1.) Présentation de l’ouvrage :

Maître de conférence rattaché au Centre Interuniversitaire de Recherche en Histoire de l’Art Contemporain (CIRHAC) de l’Université Paris 1 Panthéon-Sorbonne, Sophie Delpeux est l’auteure de nombreux articles sur le thème de la performance, de l’actionnisme, du body art et du happening depuis la fin des années 1950 jusqu’au milieu des années 1980. Ses travaux portent sur la manière avec laquelle la mémoire de telles oeuvres est établi. Elle a participé à des ouvrages collectifs : La Performance (Presse universitaire de Rennes, 2010), Gina Pane (Les Phrases du Réel/FRAC Pays de la Loire, 2010).
Actuellement, Sophie Delpeux consacre ses recherches à Allan Kaprow, elle prépare un essai à son propos : Le Cadre de l’art est dans nos têtes.

Le corps-caméra, le performer et son image est publié par les éditions Textuels, dans la collection L’Ecriture photographique. Cette collection à pour ambition de publier en France des essais sur le photographie. Le corps-caméra, le performer et son image est un choix éditorial qui s’inscrit dans cette volonté de diffuser la pensée d’une génération de chercheurs, critiques, pour une vision actualisée de la discipline.

Nous observons dans le titre de l’ouvrage étudié les termes corps, performer, image et caméra, qui caractérisent de manière directe le sujet du texte. Entendons «le corps-caméra» comme une expression adéquat en vu du thème de l’ouvrage, «le performer et son image» explicitant ce dernier. Mais plus qu’une expression, «le corps-caméra» est un concept emprunté à la philosophe Catherine Perret qui l’a elle-même élaborée à la suite d’un entretien avec Paul  McCarthy. L’artiste s’était servis d’un faux corps, une représentation de son propre corps. La philosophe conclut : «ce corps-totem du performer incarne le corps photographié ou filmé», elle utilisa par la suite «le corps-caméra» qu’elle définit comme «un plan de représentation».


2.) Argumentation et développement de l’ouvrage :

Entre documents et oeuvres d’art, les «re-présentations» des oeuvres performatives sont ici chronologiquement étudiées grâce à l’évaluation des oeuvres de Carolee Schneemann, Günter Brus, Otto Mühl, Hermann Nitsch, Rudolph Schwarzkogler, Dennis Oppenheim, Valie Export, Vito Acconci, Gina Pane, Michel Journiac et Chris Burden.

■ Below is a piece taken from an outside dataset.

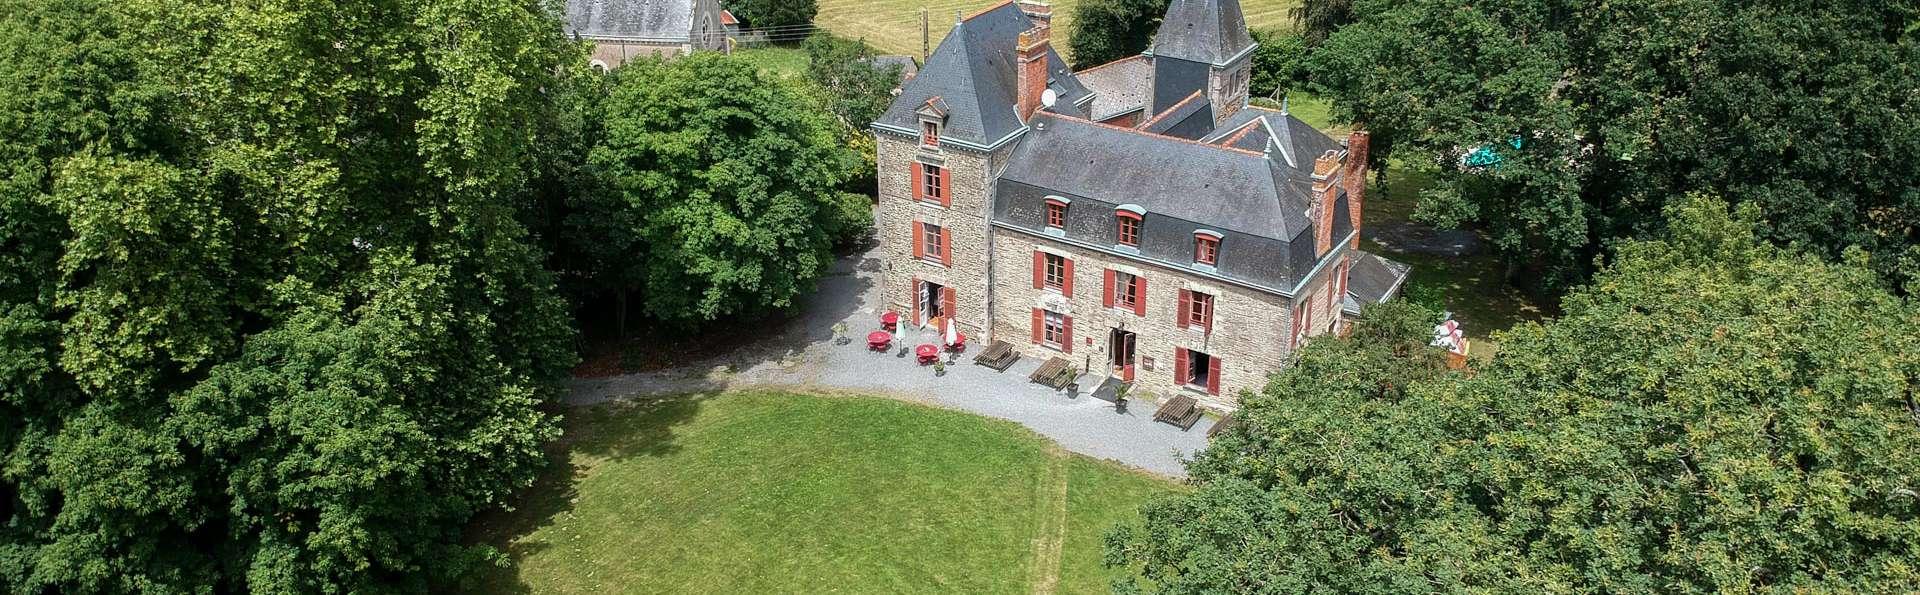 Hôtel Manoir et Parc de la Briandais - EDIT_FRONT_03.jpg

Sophie Delpeux présente deux modes d’interprétation de ces mises en images dès l’introduction. Elle met en avant les positions des artistes Jean-Jacques Lebel et Allan Kaprow pour qui «la nature irreproductible» de la performance rend impossible de la confondre avec sa représentation. Tandis que plus loin, elle développe un autre point de vu grâce aux interprétations de Kathy O’Dell et de Kristin Stiles qui considèrent que l’image peut rendre compte fidèlement de l’action, affirmant la présence d’un lien «ininterrompu» entre l’évènement et l’image. Elle illustre cette dernière tendance en citant Roland Barthes, il est à la recherche d’une image «qui lui rende la présence de sa mère défunte» il évoque : «une sorte de lien ombilical relie le corps photographié à mon égard». Cependant, elle retient que chacune de ces visions tient du même présupposé : «la participation et/ou l’empathie sont les modalités de compréhension des arts d’action.» (p. 11). L’auteure nous fera observer les revendications de Willoughby Sharp ou de Ira Licht, dont Kathy O’Dell et Kristin Stiles sont héritières. D’après Sharp : «[...] même si une seule photo est délivrée pour le travail on reste conscient d’un processus continu.».
Pour Ira Licht, le corps photographié d’un artiste est un «fac-similés», Sophie Delpeux développe en nous montrant qu’elle peut, partant de ce point, «évacuer l’image et parler de celle-ci comme d’un corps, sans faire de distinction». De plus, nous apprenons que Gina Pane s’autorise de confondre la confrontation à l’image et à l’évènement.
Les différents travaux d’artistes étudiés dans cet ouvrage sont structurés par quatre grands champs notionnels : la peinture, la présence, le détournement et la surface. Cette construction nous permets d’observer le processus créatif de chacun de ces artistes et leurs démarches. Ainsi, Janig Bégoc, dans Etudes Photographique (Notes de lecture, déc 2011), déclare : «[...]ces études plongent le lecteur dans le protocole des artistes et décrivent les différentes stratégies de ‘dédoublement’ mobilisés par ces derniers ainsi que leurs effets.», c’est dans cette forme que Sophie Delpeux développe son discours.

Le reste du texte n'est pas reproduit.